L'histoire de Scicli

Érigée à la confluence des carrières de Santa Venera et de San Bartolomeo, la ville de Scicli surplombe tout le littoral et domine l’embouchure de la rivière Irminio.
L’établissement humain le plus ancien est celui de Contrada Chiafura qui s’étend sur le col de San Matteo. Il s’agit d’un habitat creusé dans la roche dont les sépultures et les tombes, réalisées à une époque antérieure, avaient été transformées en habitations.
Ce lieu a souvent été comparé aux Sassi de Matera et a été visité par des écrivains comme Elio Vittorini et Pier Paolo Pasolini (« On grimpe sur une espèce de montagne du purgatoire où les girons sont les uns sur les autres … ») qui en firent connaître les conditions de vie des habitants.
Aujourd’hui, Chiafura est devenu un parc archéologique.
Entre le XIVe et le XVe s., l’habitat commença à se déplacer vers la vallée, conjointement aux sites de quelques ordres religieux.

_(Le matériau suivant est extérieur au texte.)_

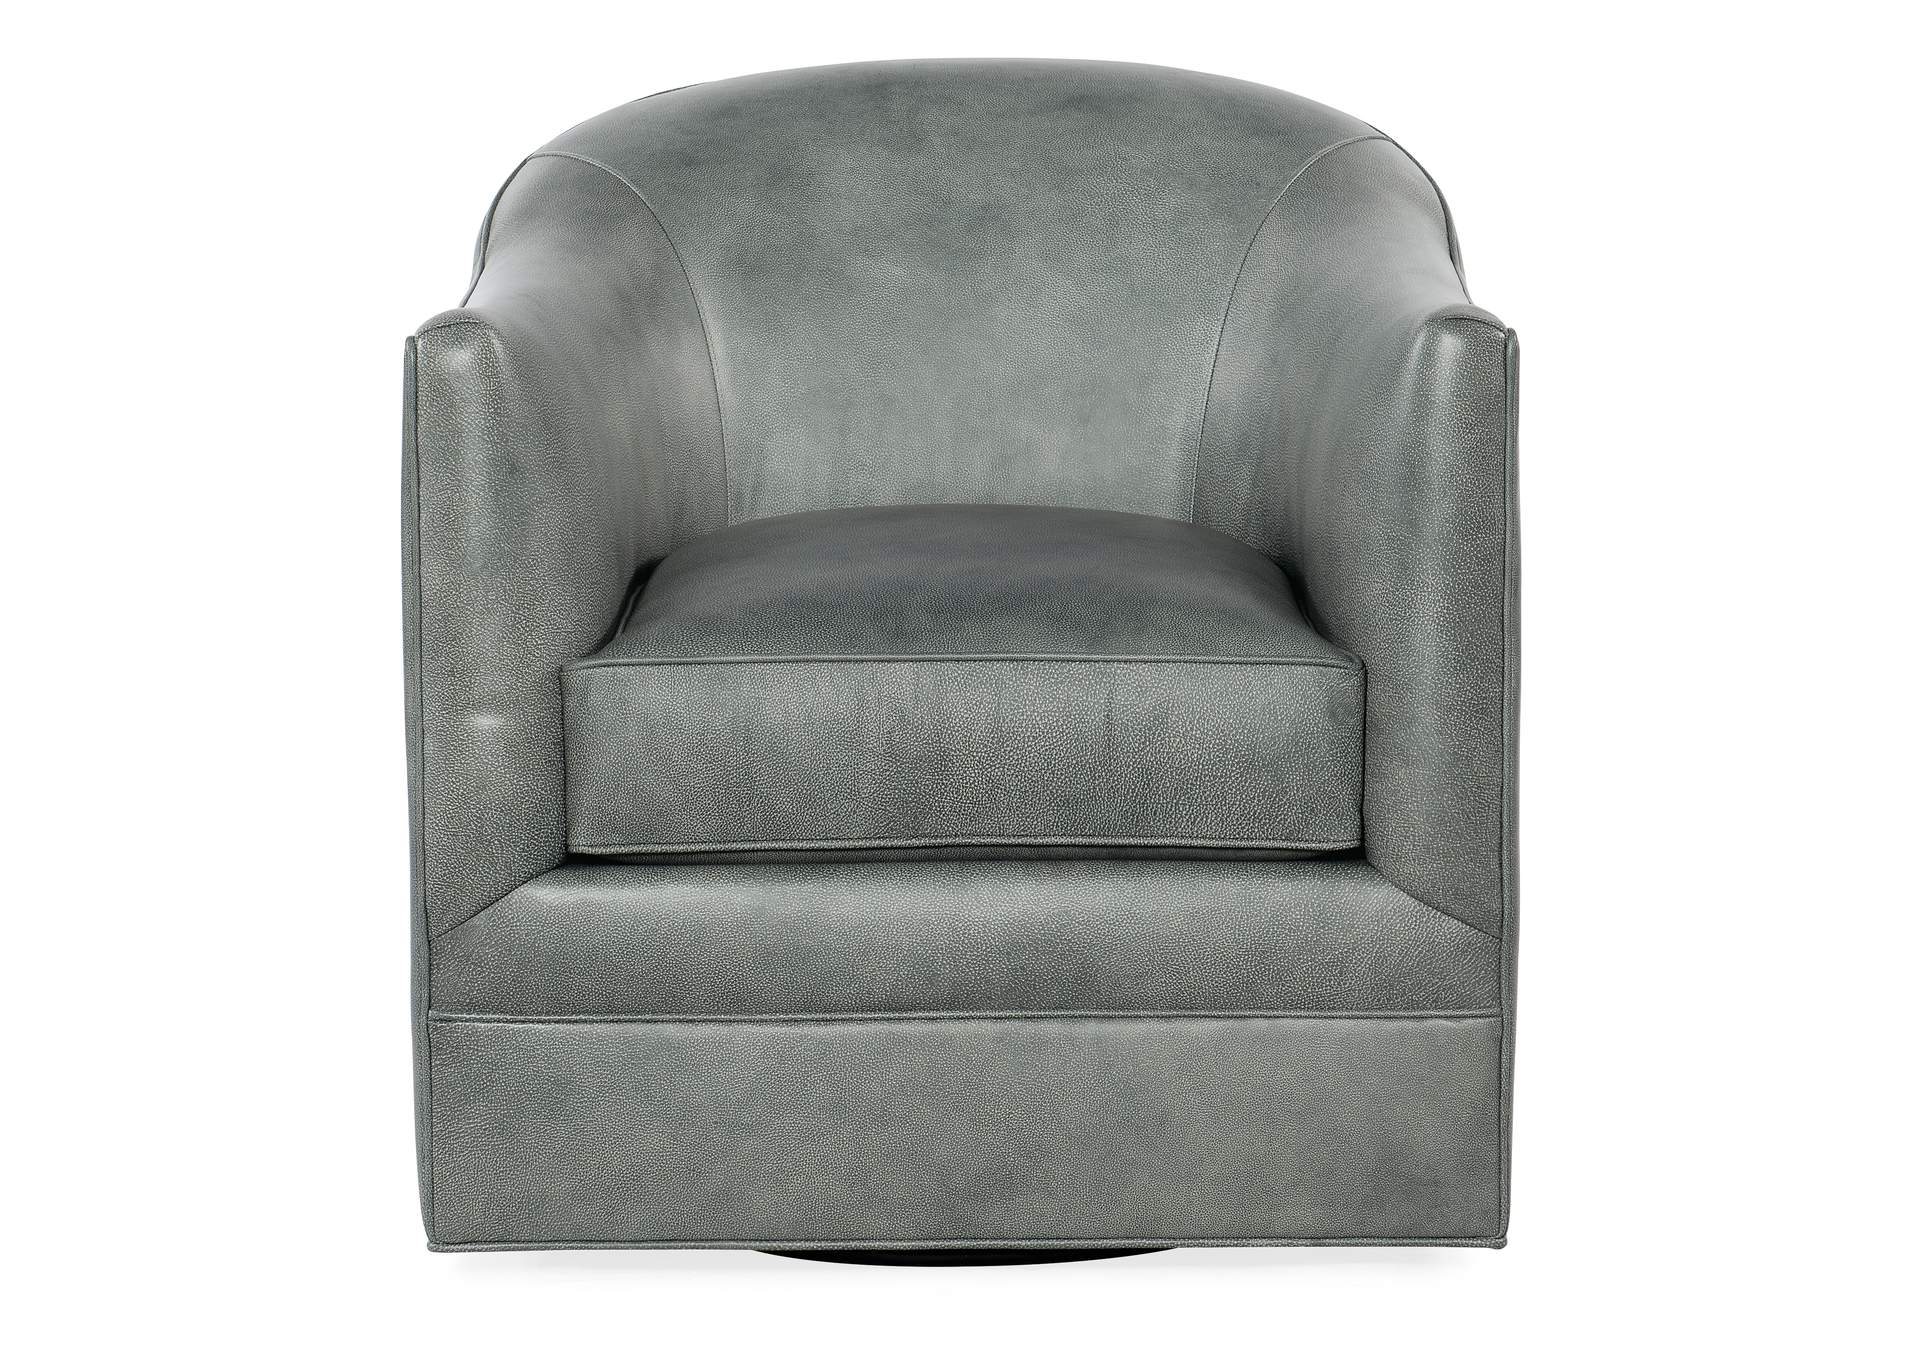 Gideon Swivel Club Chair,Hooker Furniture
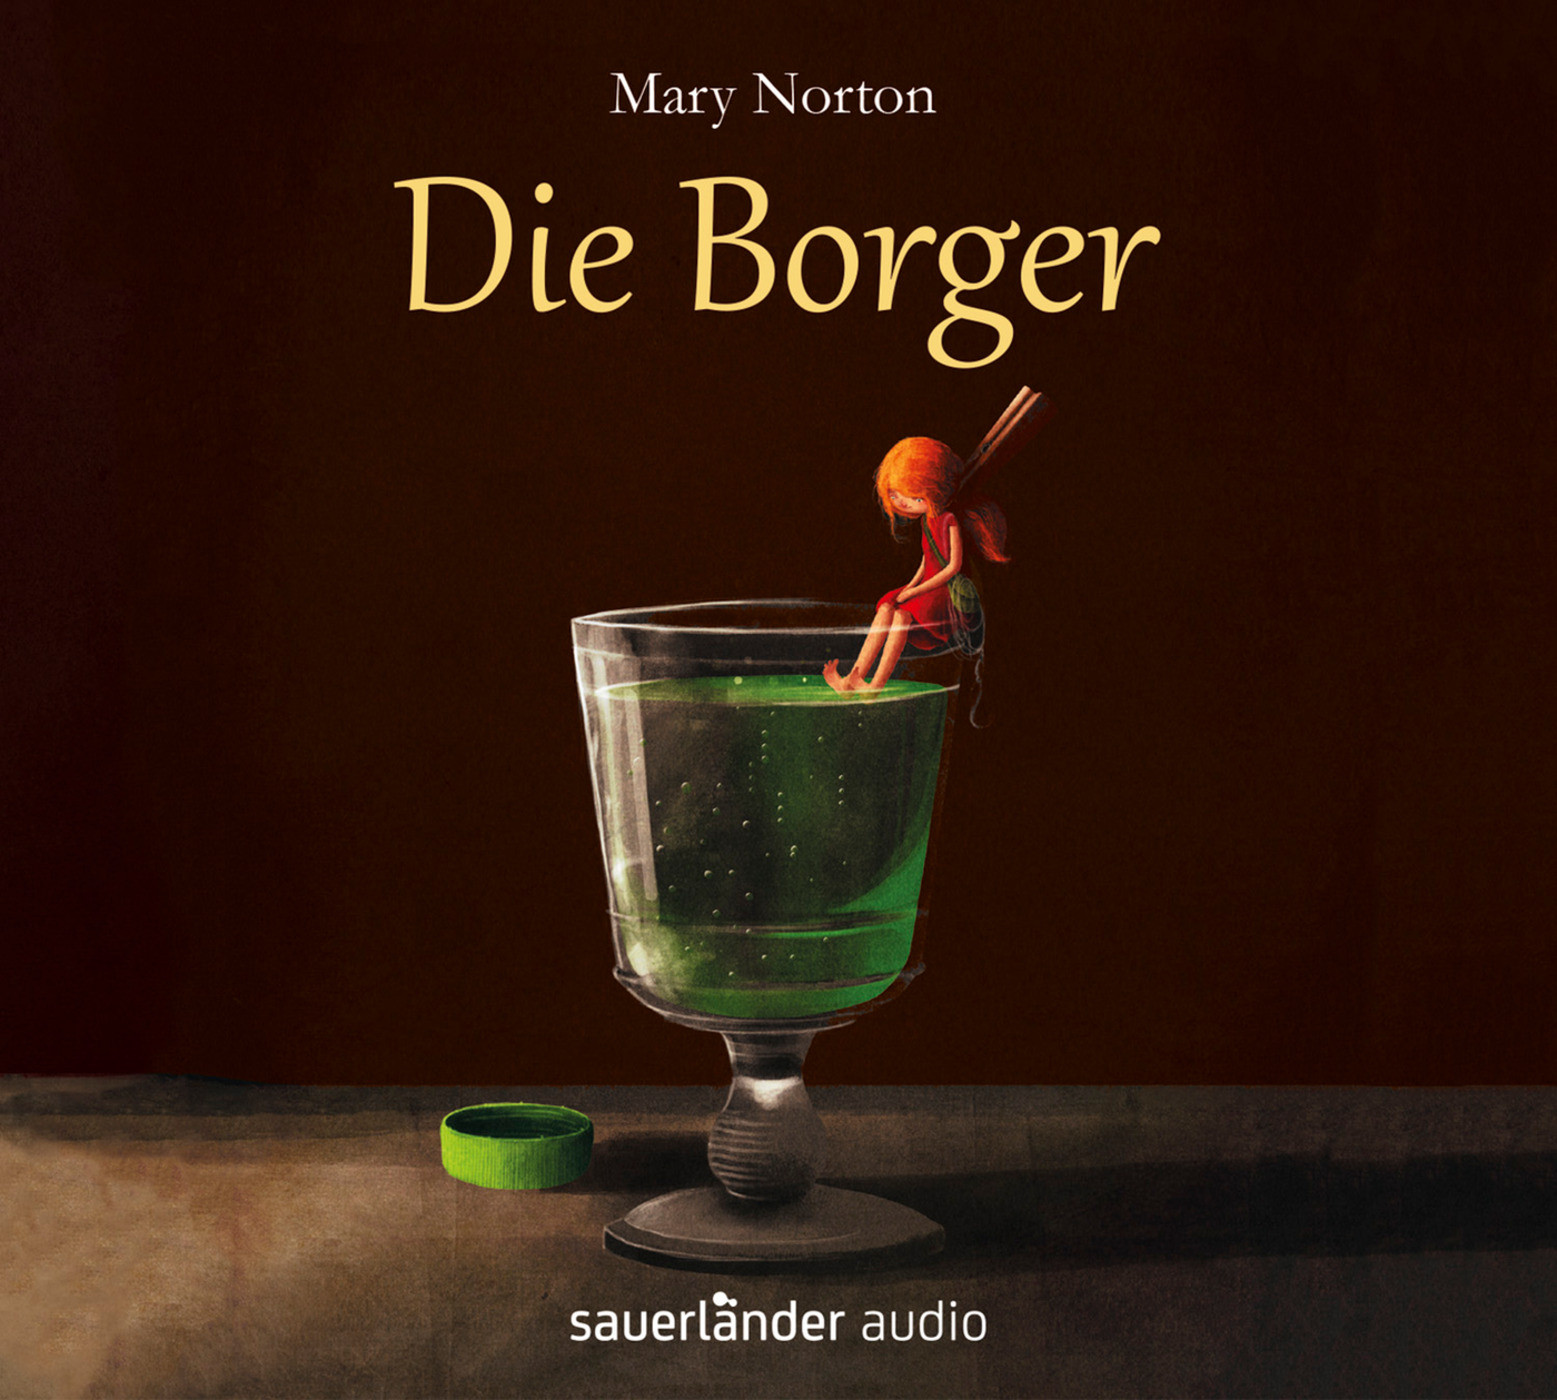 Mary Norton - Die Borger

À dominer la nouvelle ville restent encore l’église Saint-Matthieu, l’ancienne église mère, ainsi que le château des Trois Cantons et le complexe conventuel Sainte-Marie-de-la-Croix des Frères mineurs réformés qui sont situés dans la partie haute de la carrière.
La ville fut rasée au sol lors du terrible séisme de 1693 et reconstruite au même endroit.
Au milieu du XIXe s., lorsque l’église Saint-Ignace située au centre de la ville fut érigée au rang d’église mère, le site sur la colline fut définitivement abandonné.
Il reste peu d’édifices construits avant le séisme, à l’exception d’une partie du complexe monumental de Sainte-Marie-de-la-Croix, édifié au XVIe s. près de l’oratoire Notre-Dame de Sion et transformé en sacristie, et le complexe Saint-Antonin bâti entre la fin du XVe s. et le XVIe s.
La ville reconstruite après le séisme connut un important réaménagement des tracés urbains, un exemple significatif est la Via Mormino Penna qui est bordée de quelques-uns des plus beaux monuments du baroque tardif hybléen.
Depuis 2002, deux de ses monuments sont inscrits au Patrimoine mondial de l’UNESCO : la Via Mormino Penna et le palais Beneventano (4). D’autres édifices du baroque tardif présentent un intérêt remarquable : l’église Saint-Jean l’Évangéliste (1); l’église Saint-Michel-Archange (2); l’église Sainte-Thérèse (3); le palais Beneventano (4); le palais Spadaro (5); le palais Veneziano Sgarlata (6); le palais Fava (7); l’église et le couvent du Carmel (8); l’église Saint-Matthieu (9); l’église mère (Saint-Ignace) (10).